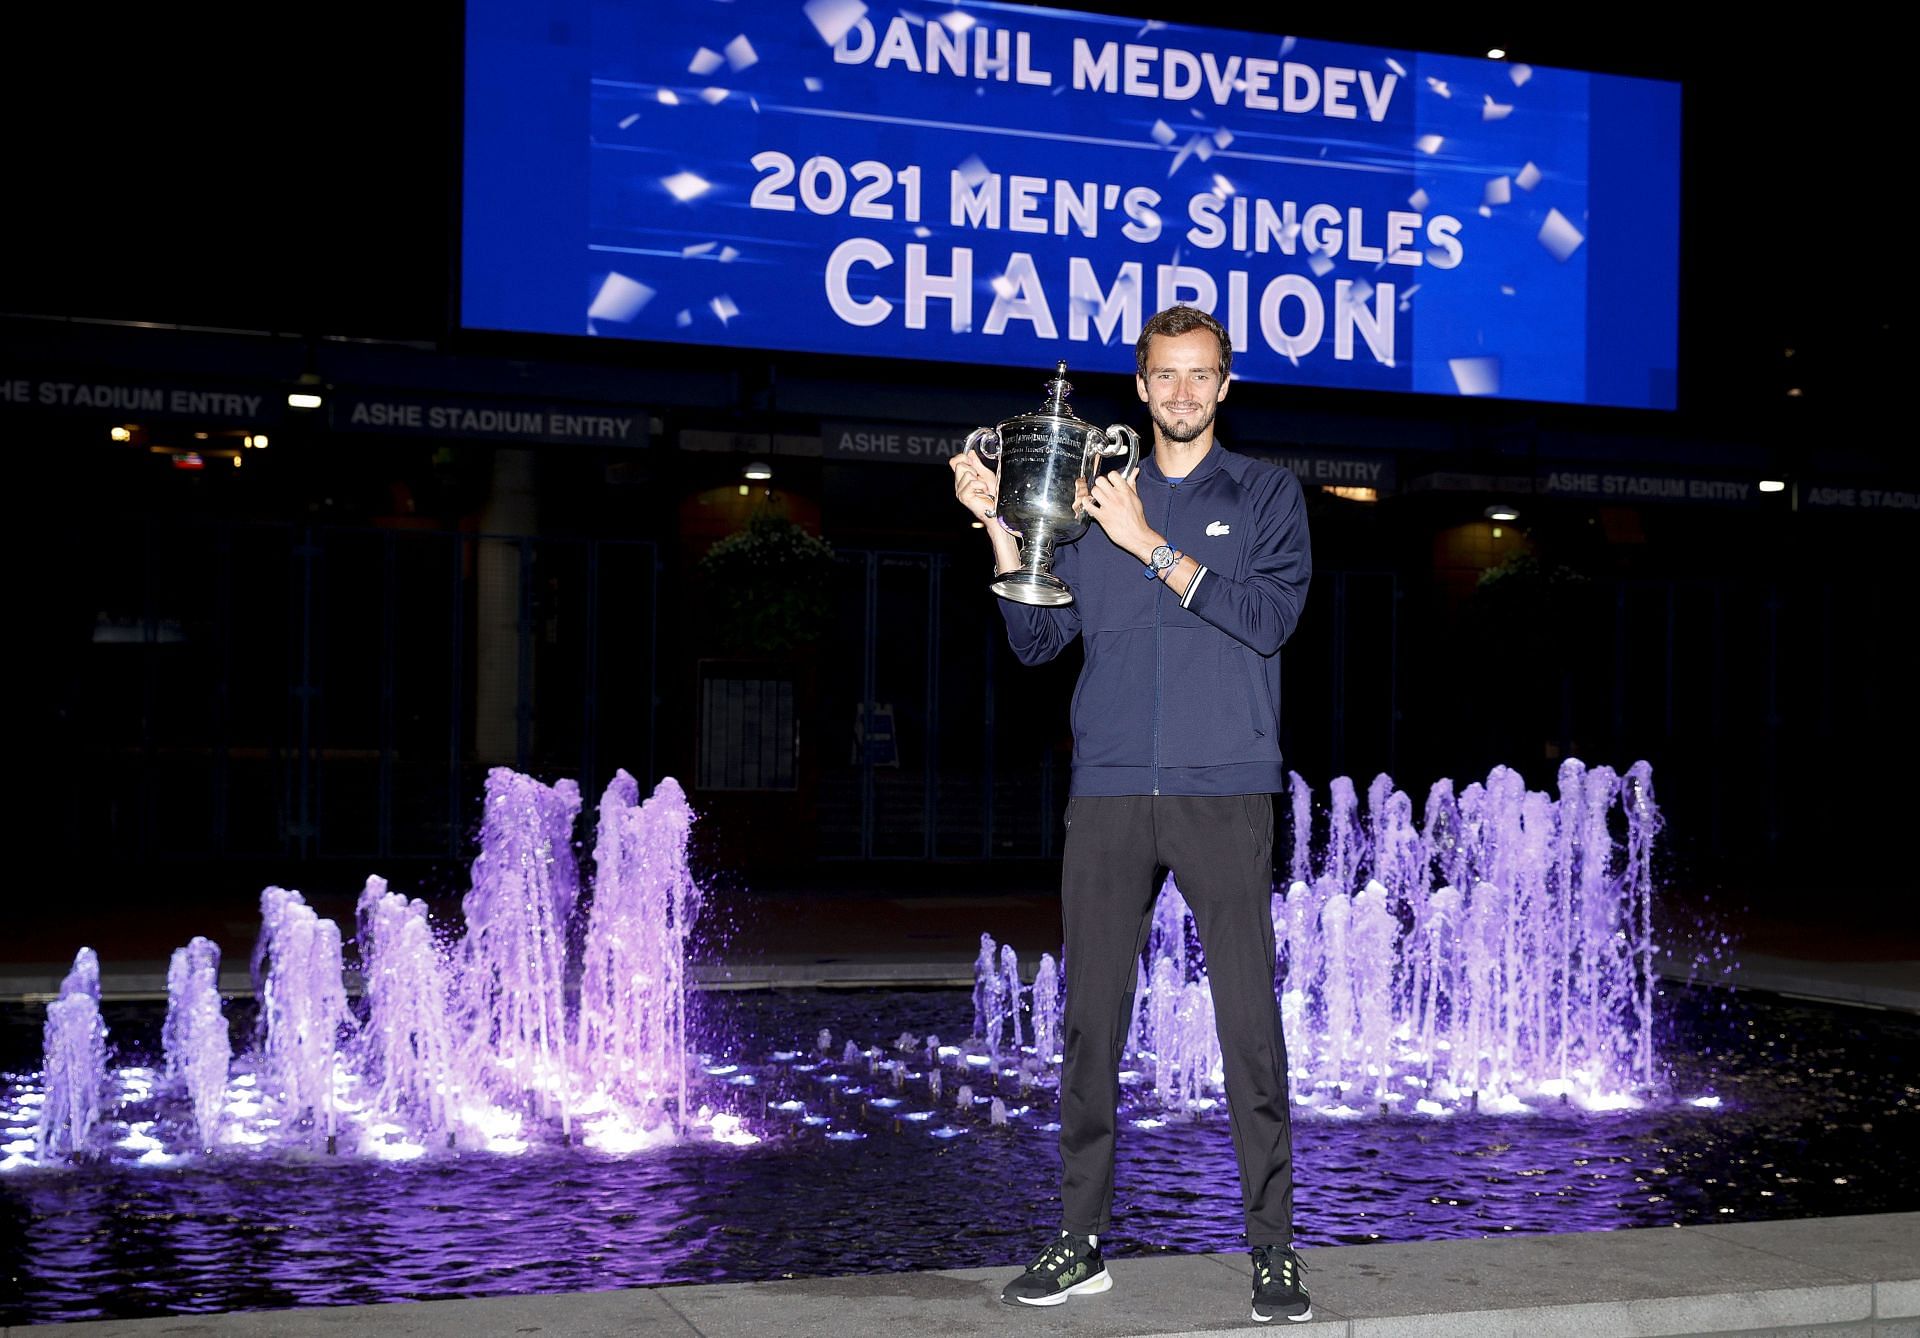 Daniil Medvedev with his 2021 US Open title
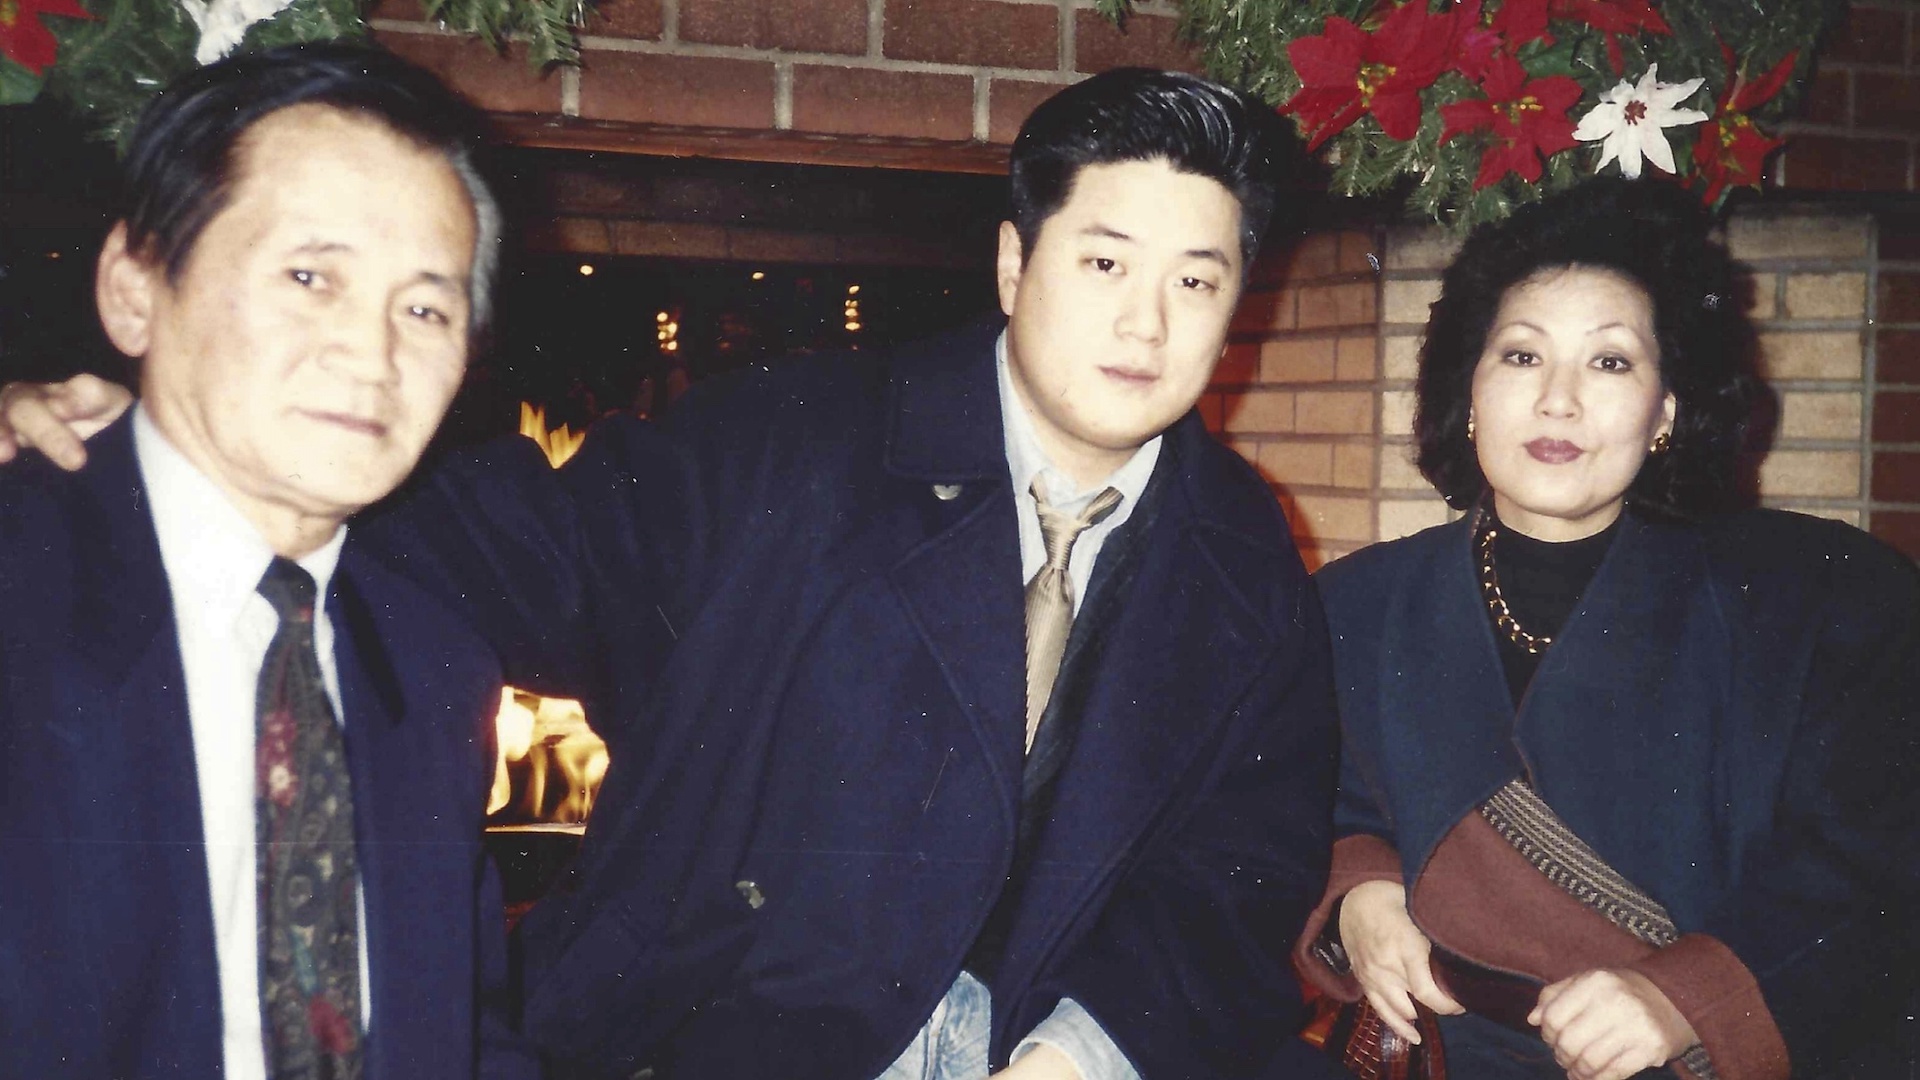 In this undated photo provided by Charlton Rhee, Rhee, a nursing home administrator from New York, poses for a photo with his parents, Man Joon Rhee and Eulja Rhee. Charlton Rhee, whose parents came to the U.S. from South Korea, lost both of them to COVID-19 as the virus surged in New York City. (Courtesy of Charlton Rhee via AP)
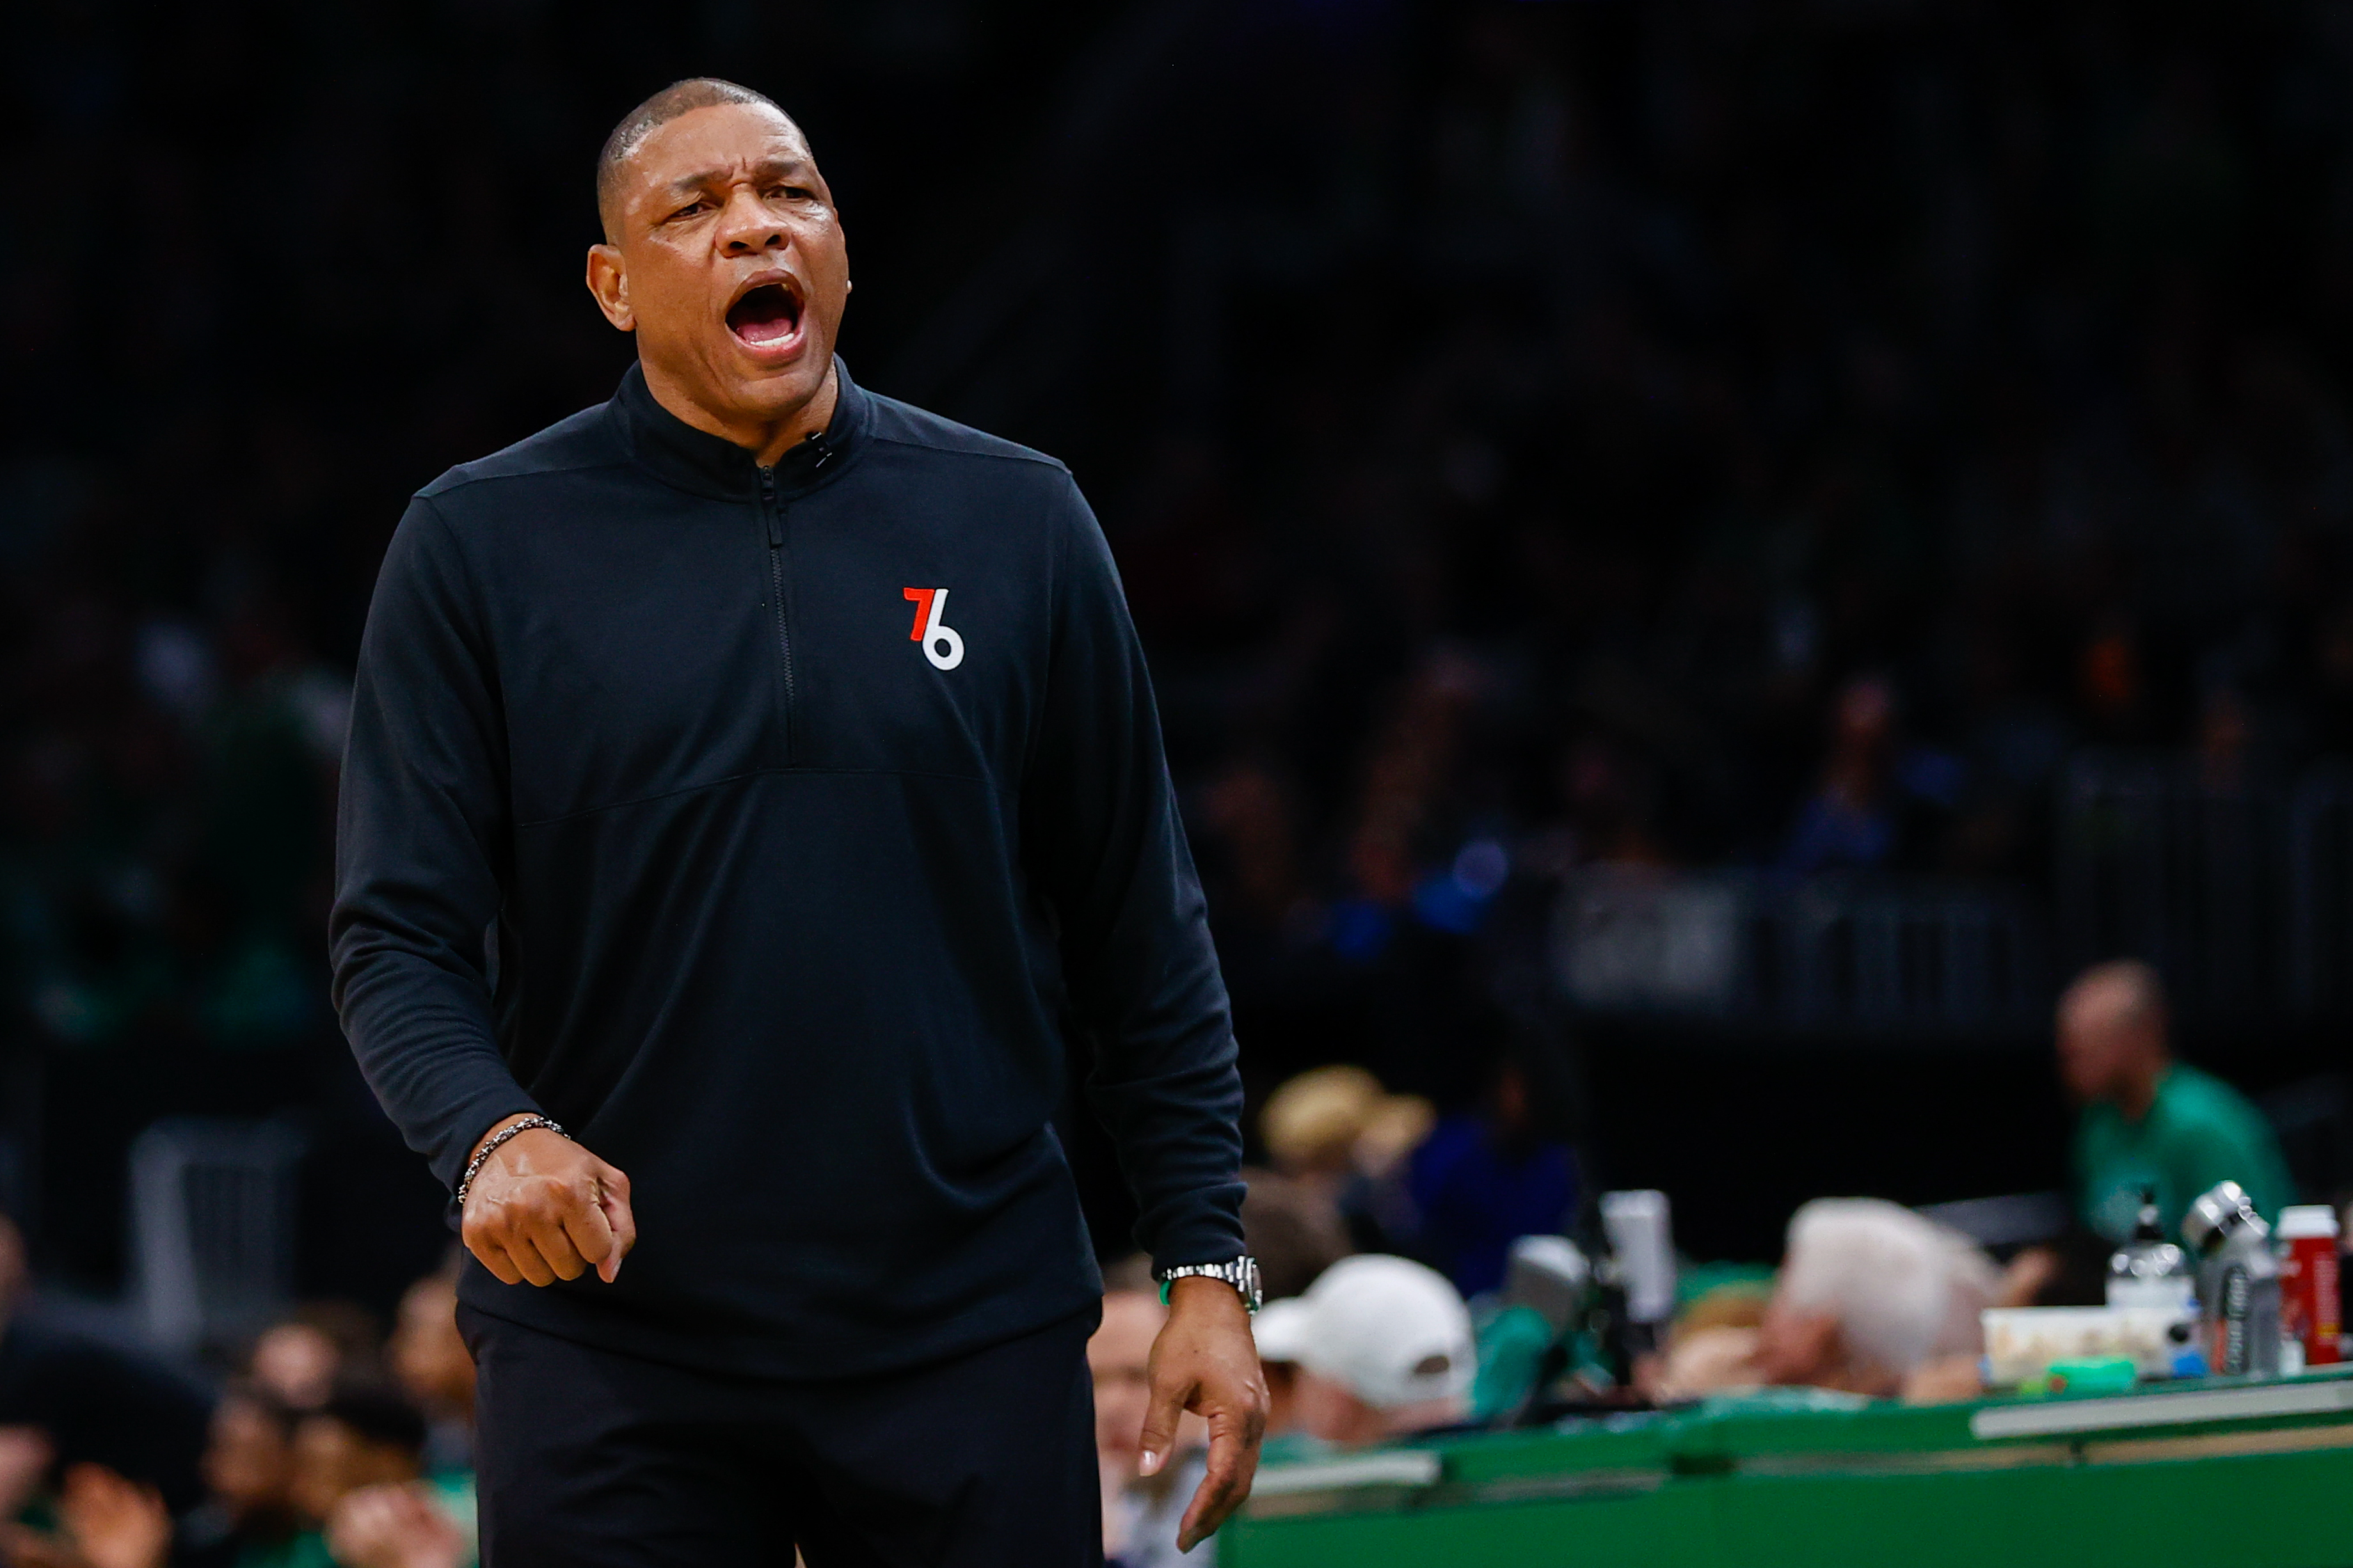 Three Of The Last Four NBA Champion Coaches Have Been Fired

What the task asks
Transcribe word for word only the lines from the one with "In this undated" through the end of the listing; every picture is to be omitted.

Answer to the exercise
 In this undated photo provided by Charlton Rhee, Rhee, a nursing home administrator from New York, poses for a photo with his parents, Man Joon Rhee and Eulja Rhee. Charlton Rhee, whose parents came to the U.S. from South Korea, lost both of them to COVID-19 as the virus surged in New York City. (Courtesy of Charlton Rhee via AP)
 Three Of The Last Four NBA Champion Coaches Have Been Fired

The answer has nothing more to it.